All the data below goes into the copy word for word, but the pictures don't.
Start of Given data
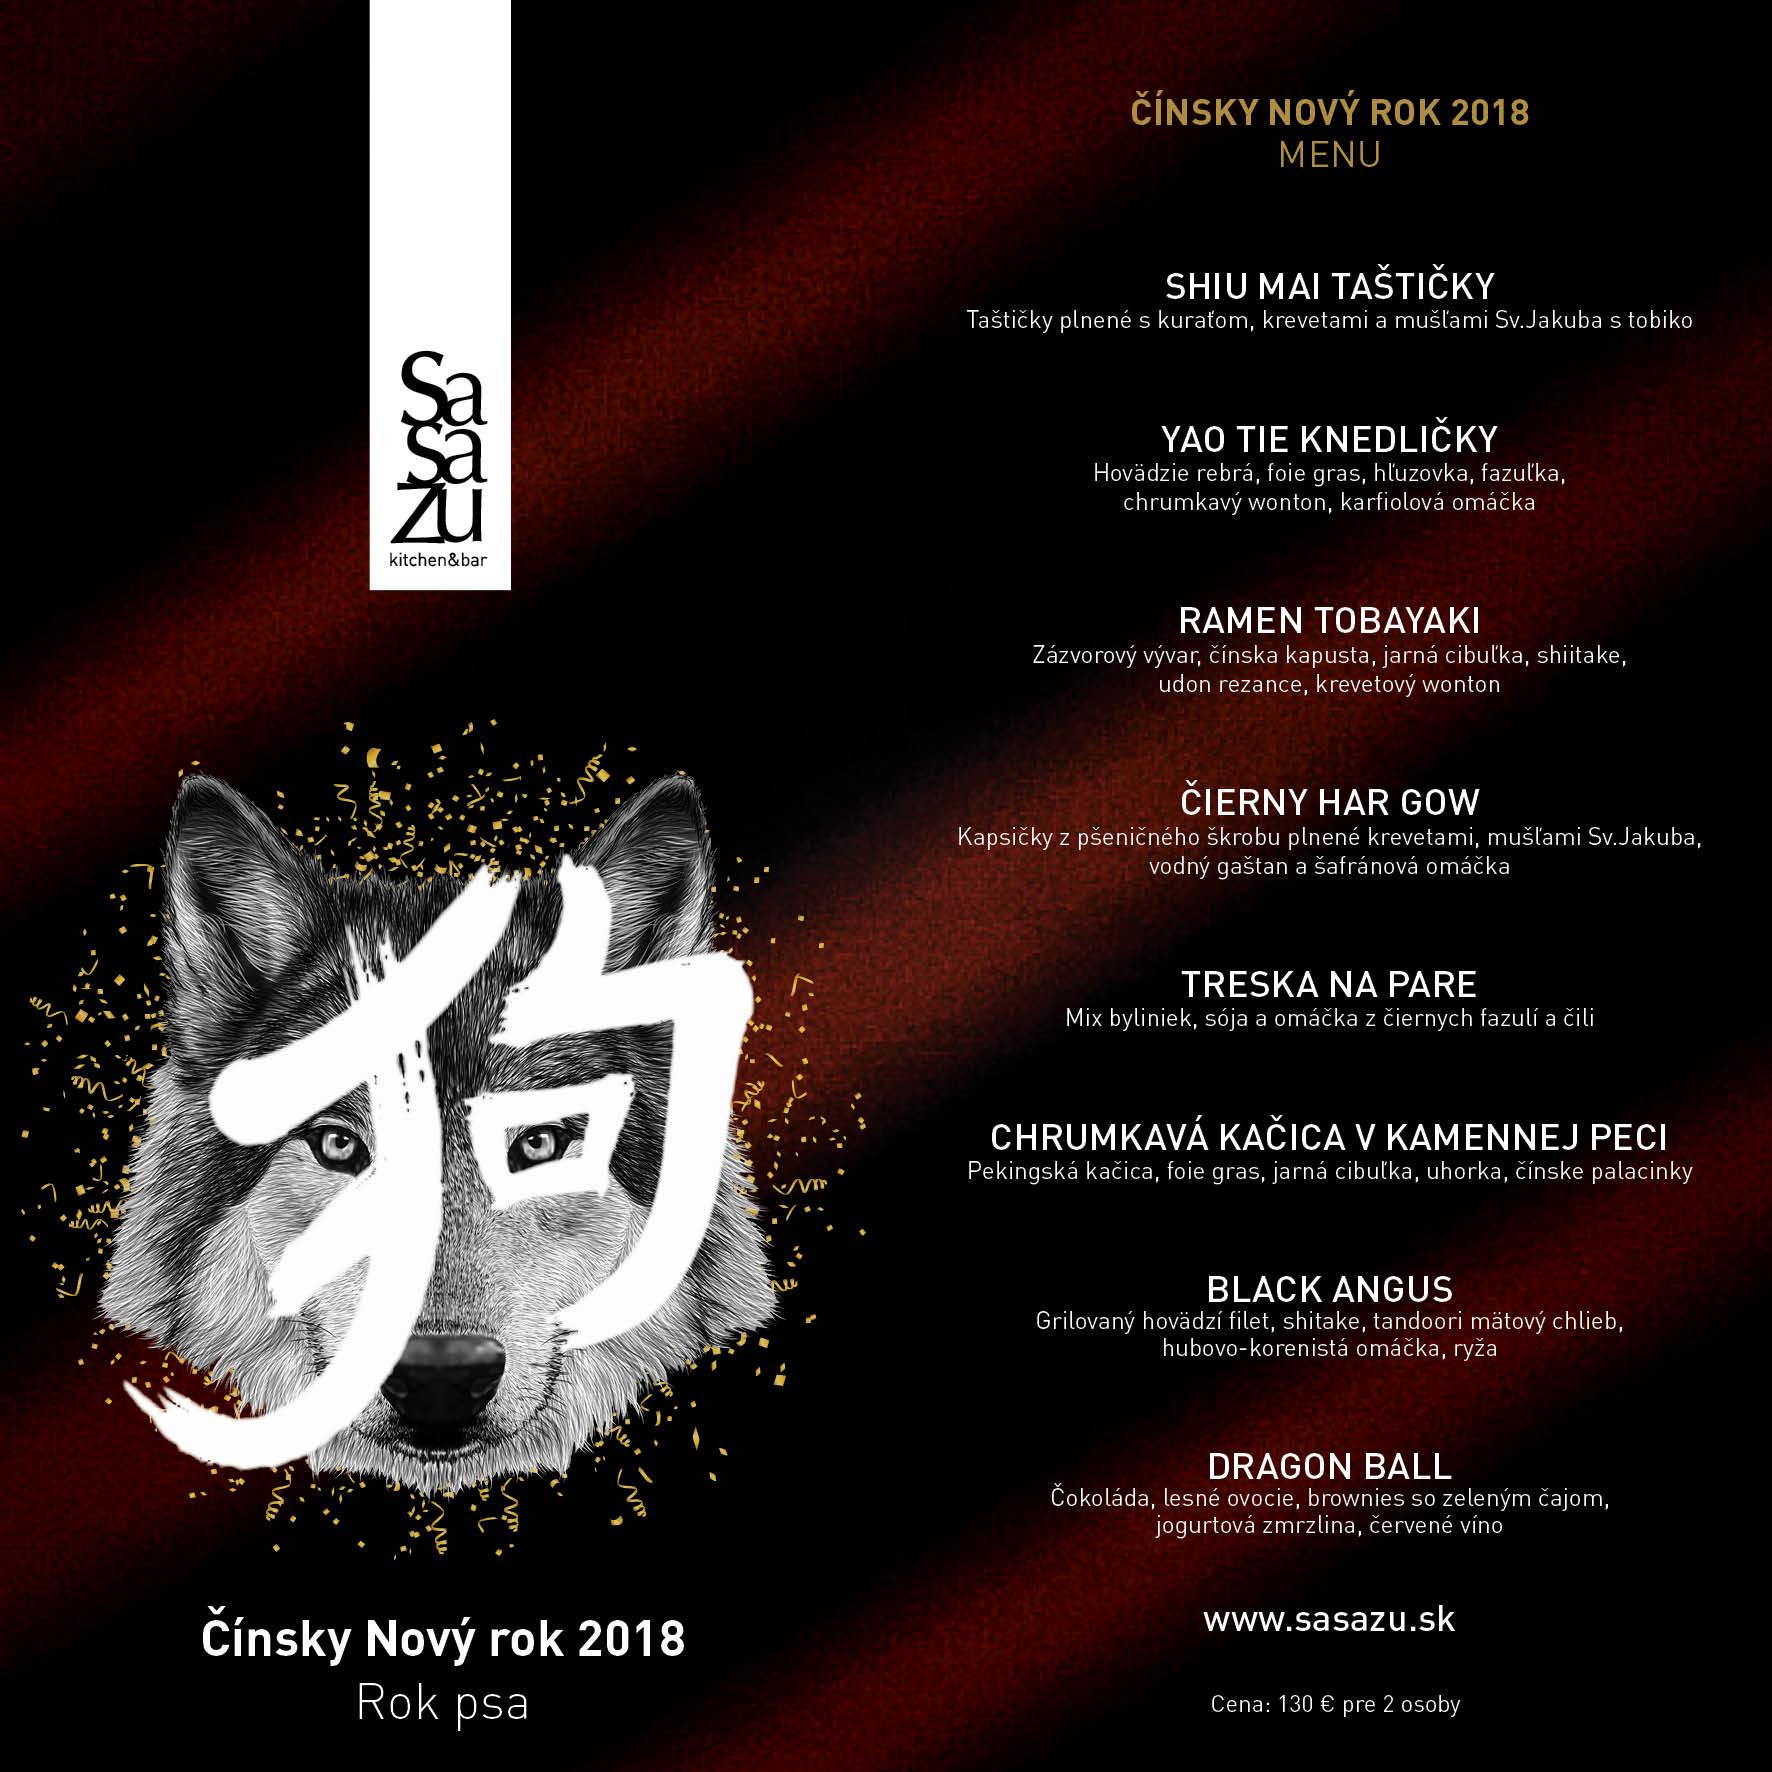 Chny menu ba
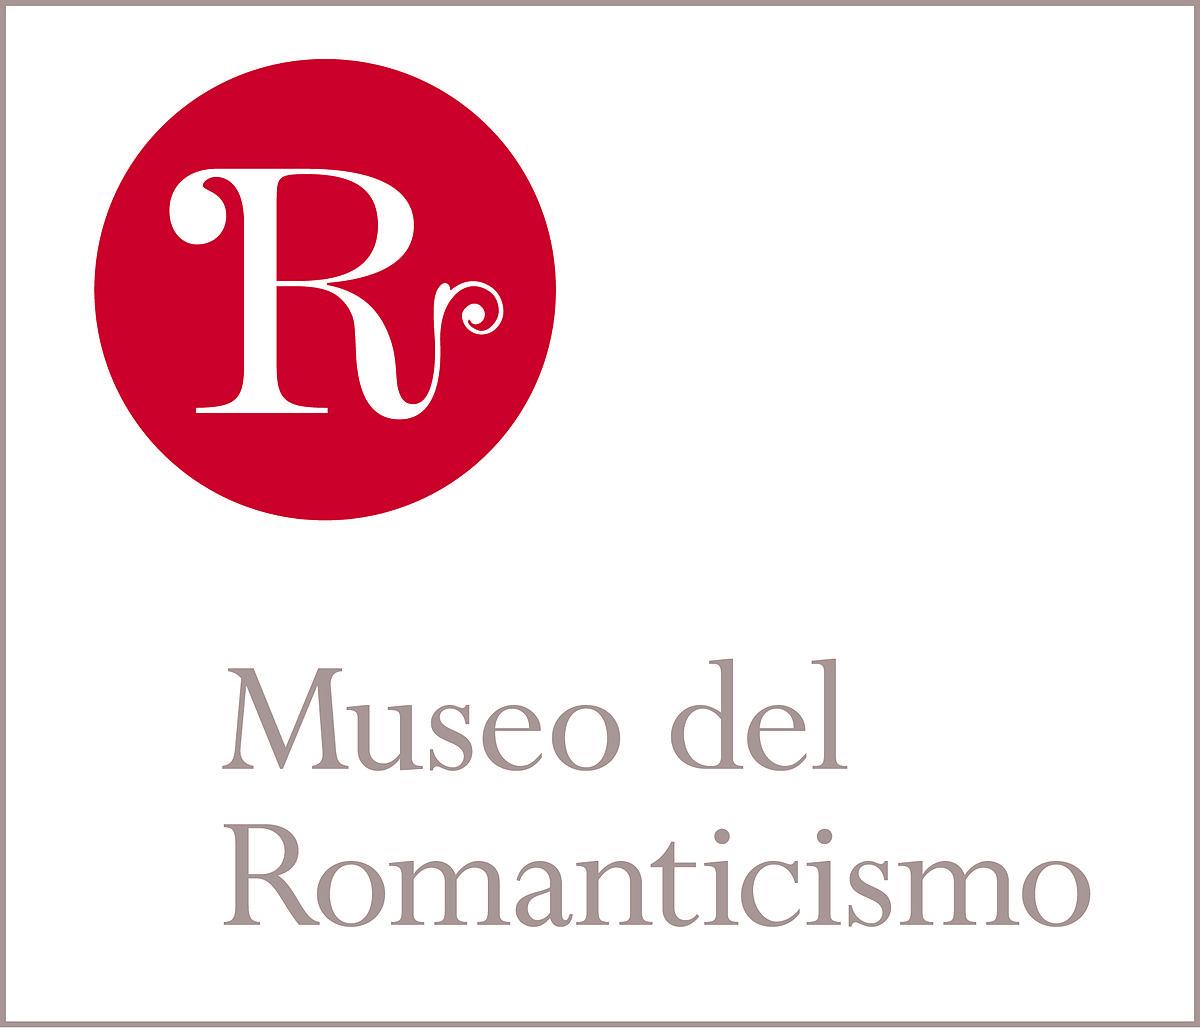 10 Características del Romanticismo  Caracteristicasco
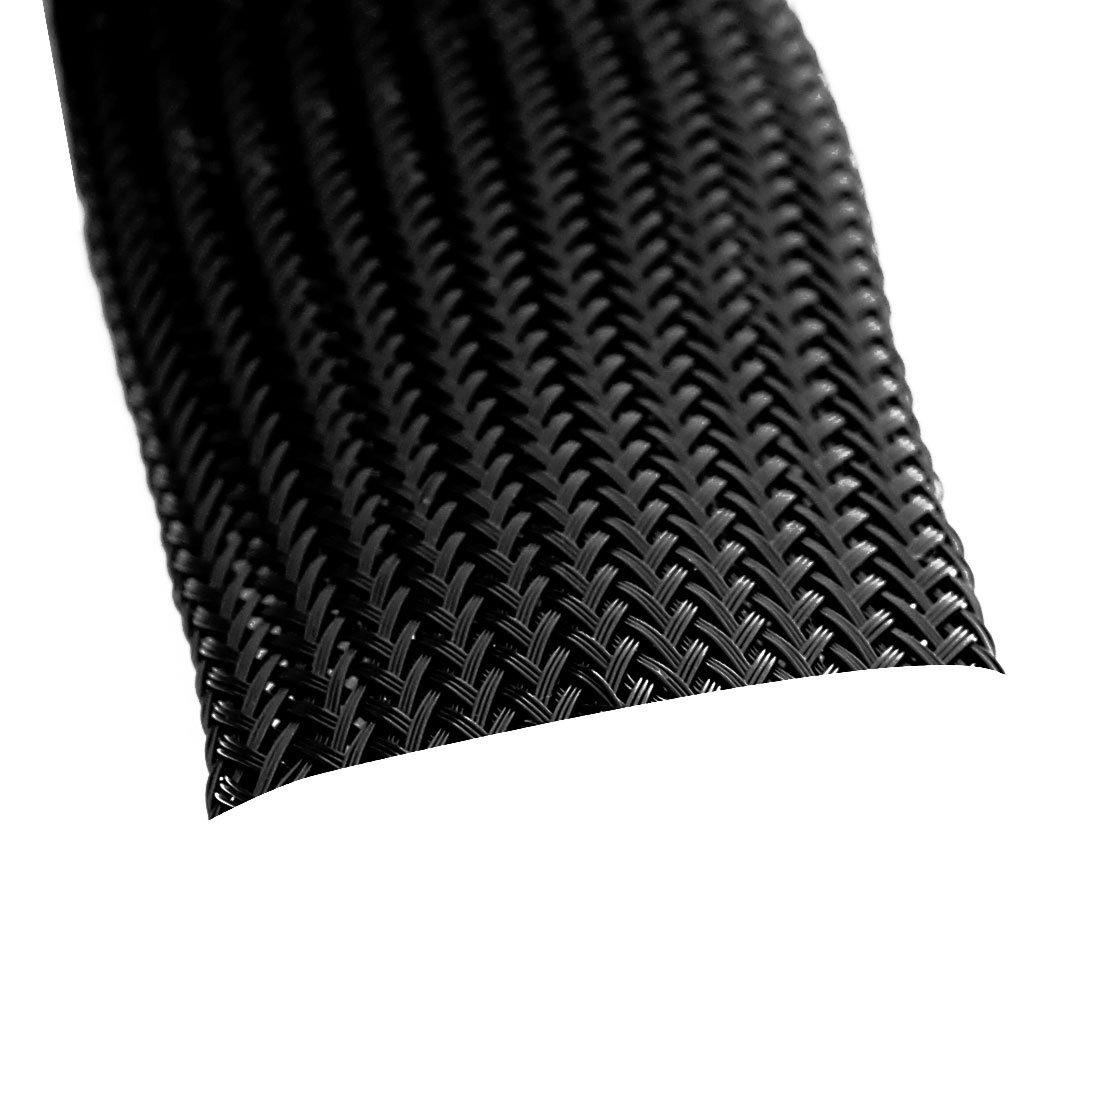 eDealMax a16070200ux0248 trenzado Funda extensible 1, 5 m 30 mm de ancho trenzado de nylon elástico Funda extensible Ramos de cables - - Amazon.com
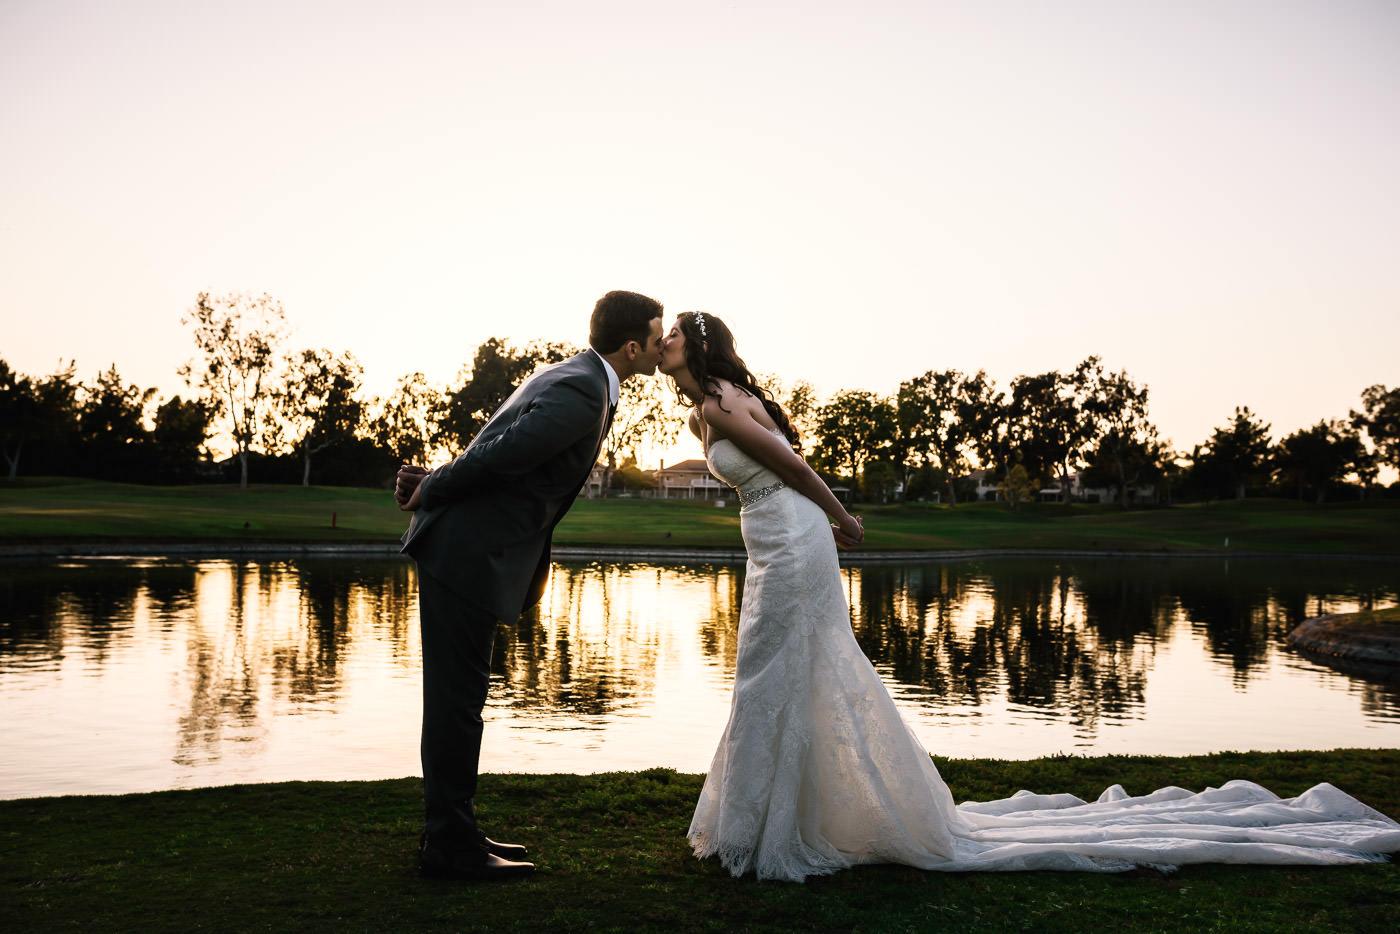 Wedding photographer in Placenita California.
End of Given data
- [Solved problem]
 Chny menu ba
 10 Características del Romanticismo  Caracteristicasco
 eDealMax a16070200ux0248 trenzado Funda extensible 1, 5 m 30 mm de ancho trenzado de nylon elástico Funda extensible Ramos de cables - - Amazon.com
 Wedding photographer in Placenita California.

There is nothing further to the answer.